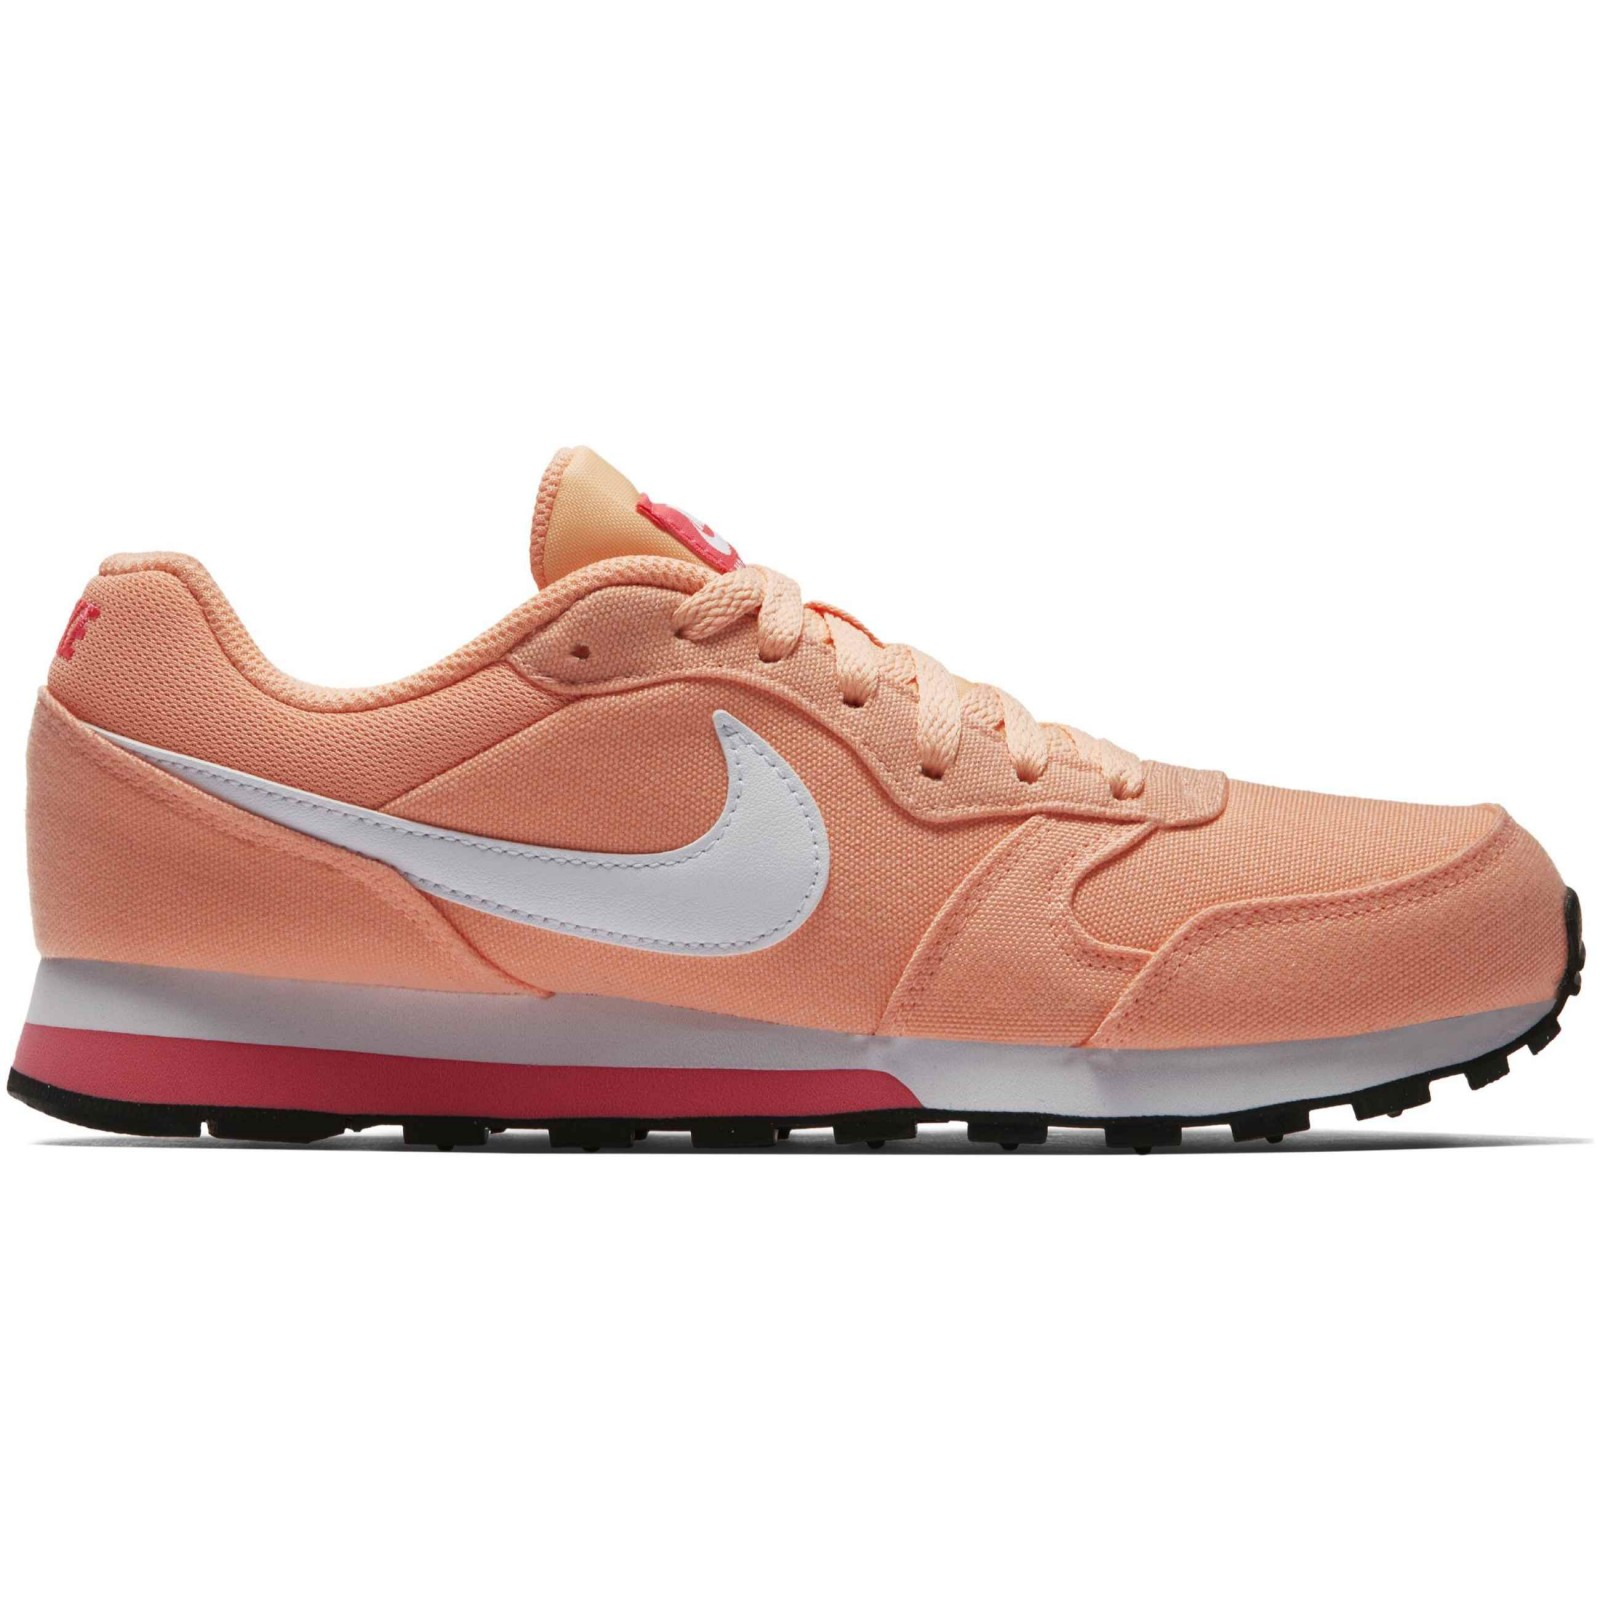 0869b555b2 Dámské tenisky Nike WMNS MD RUNNER 2
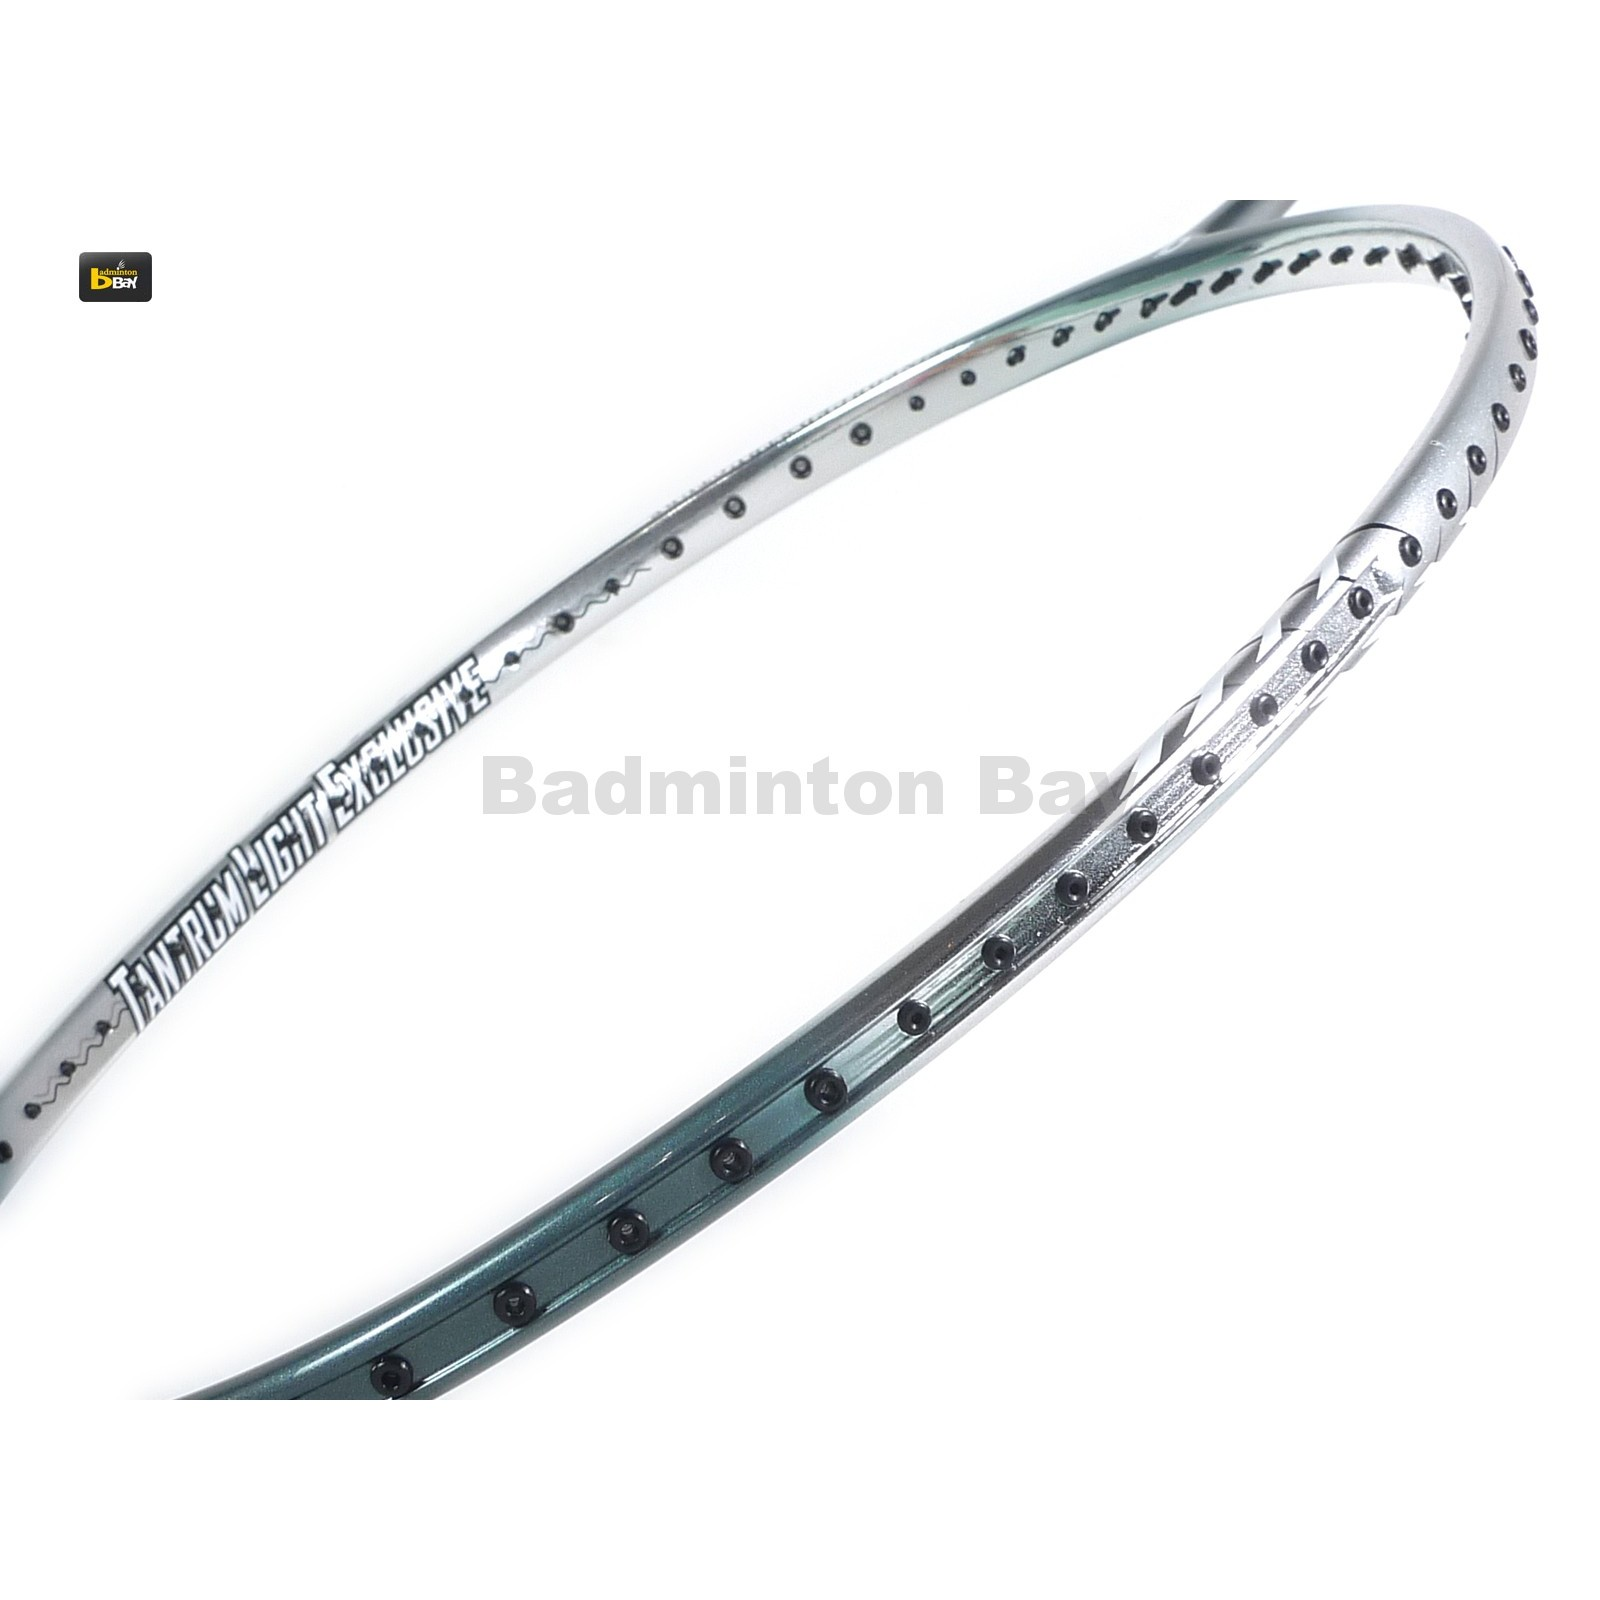 Apacs Tantrum Light Exclusive Badminton Racket
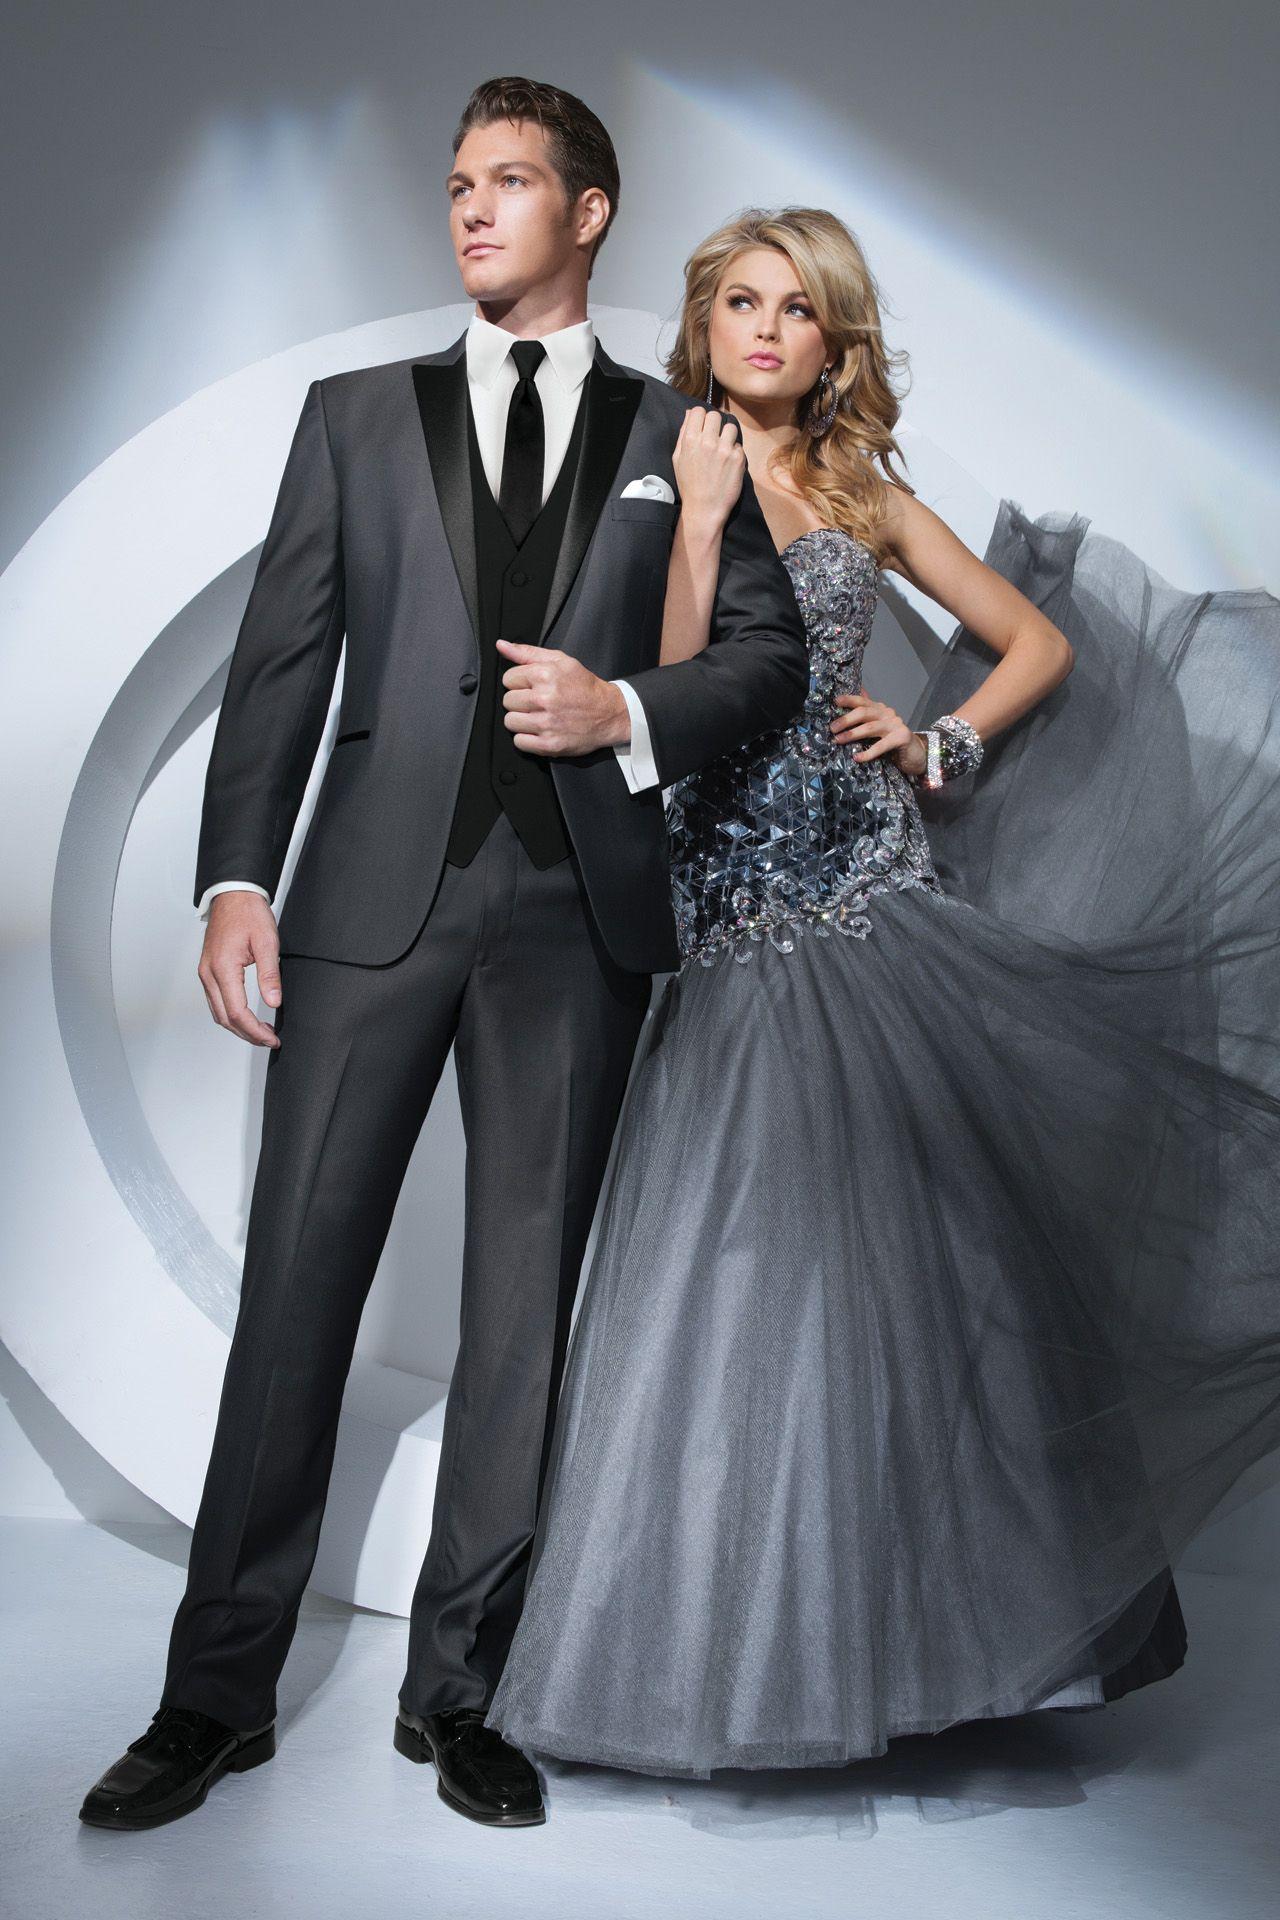 Tony bowls grey portofino slim fit tuxedo jimus formal wear pram
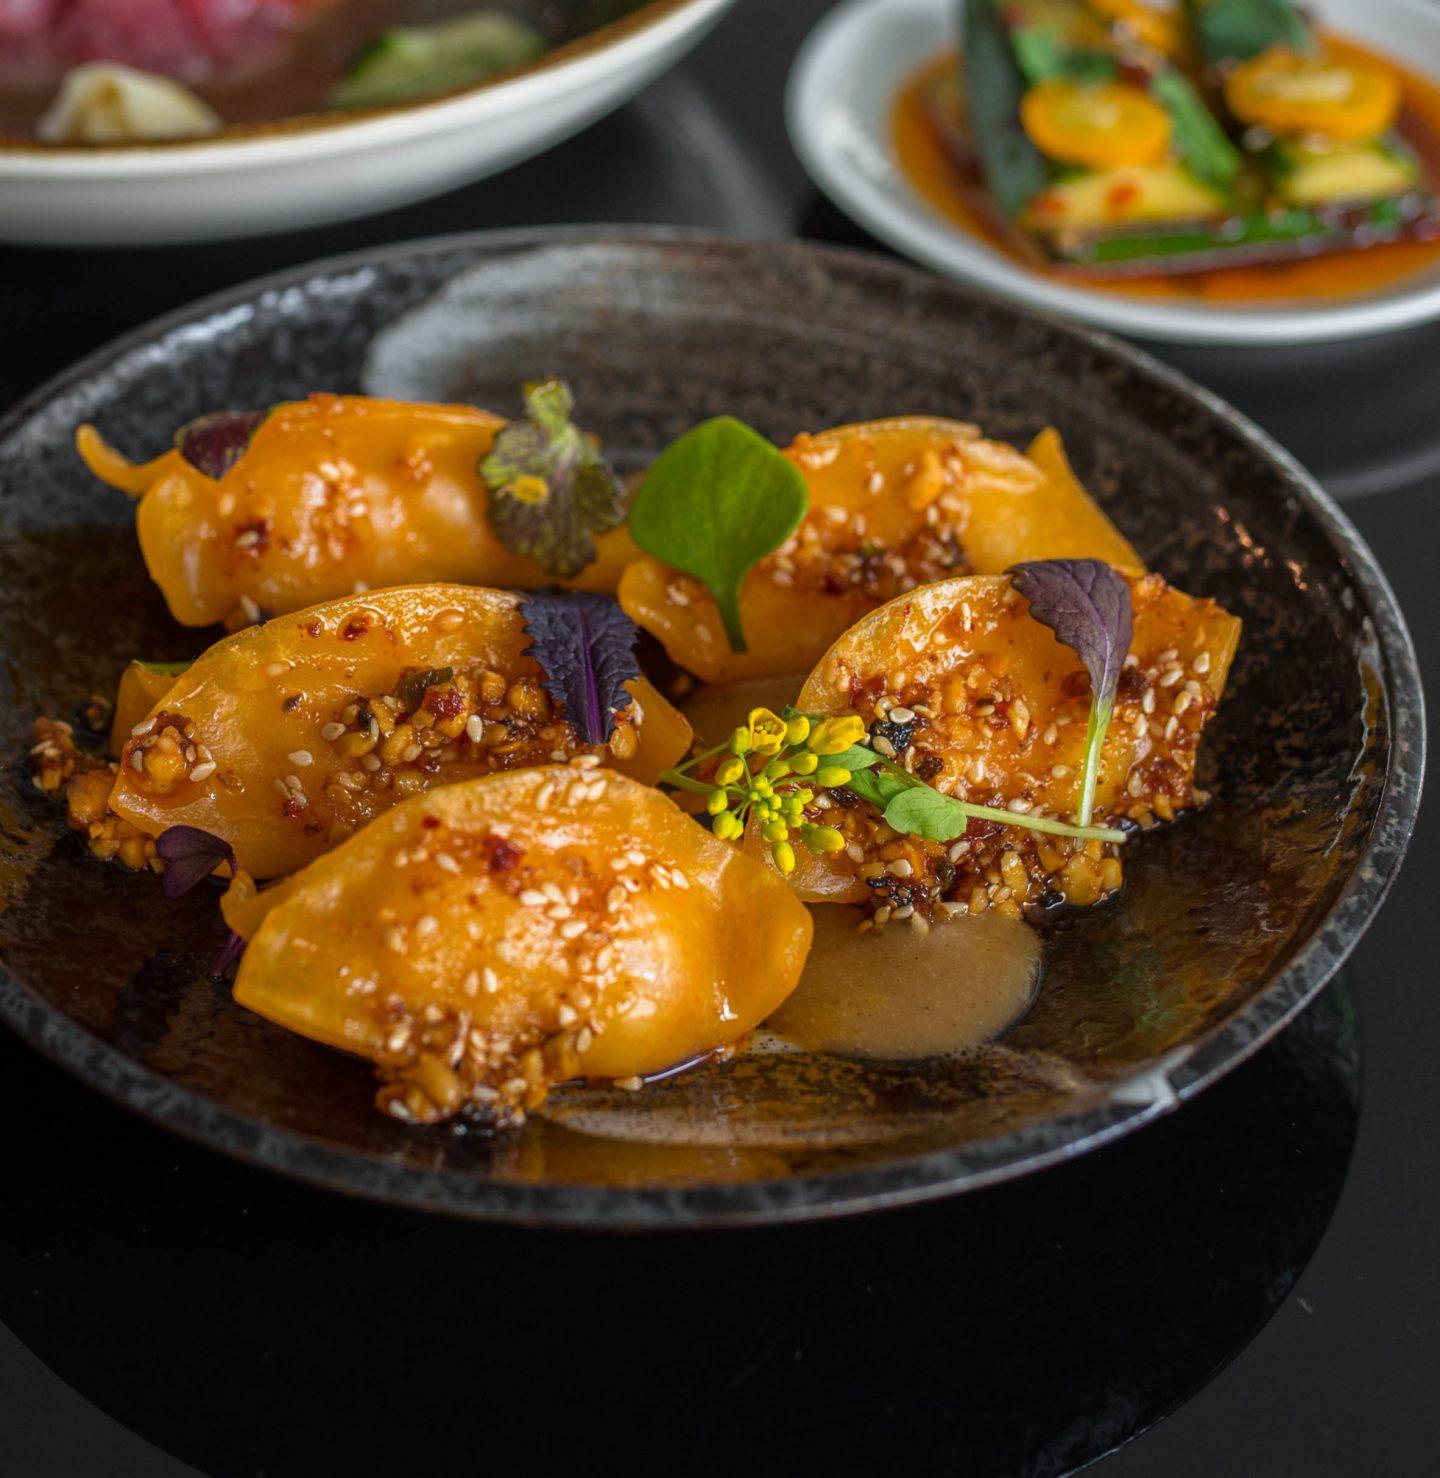 carrot dumplings

::::::

§ **About this task**
Leave the pictures out and transcribe the remaining material exactly.

§ **Result for this task**
 0869b555b2 Dámské tenisky Nike WMNS MD RUNNER 2
 Apacs Tantrum Light Exclusive Badminton Racket
 Tony bowls grey portofino slim fit tuxedo jimus formal wear pram
 carrot dumplings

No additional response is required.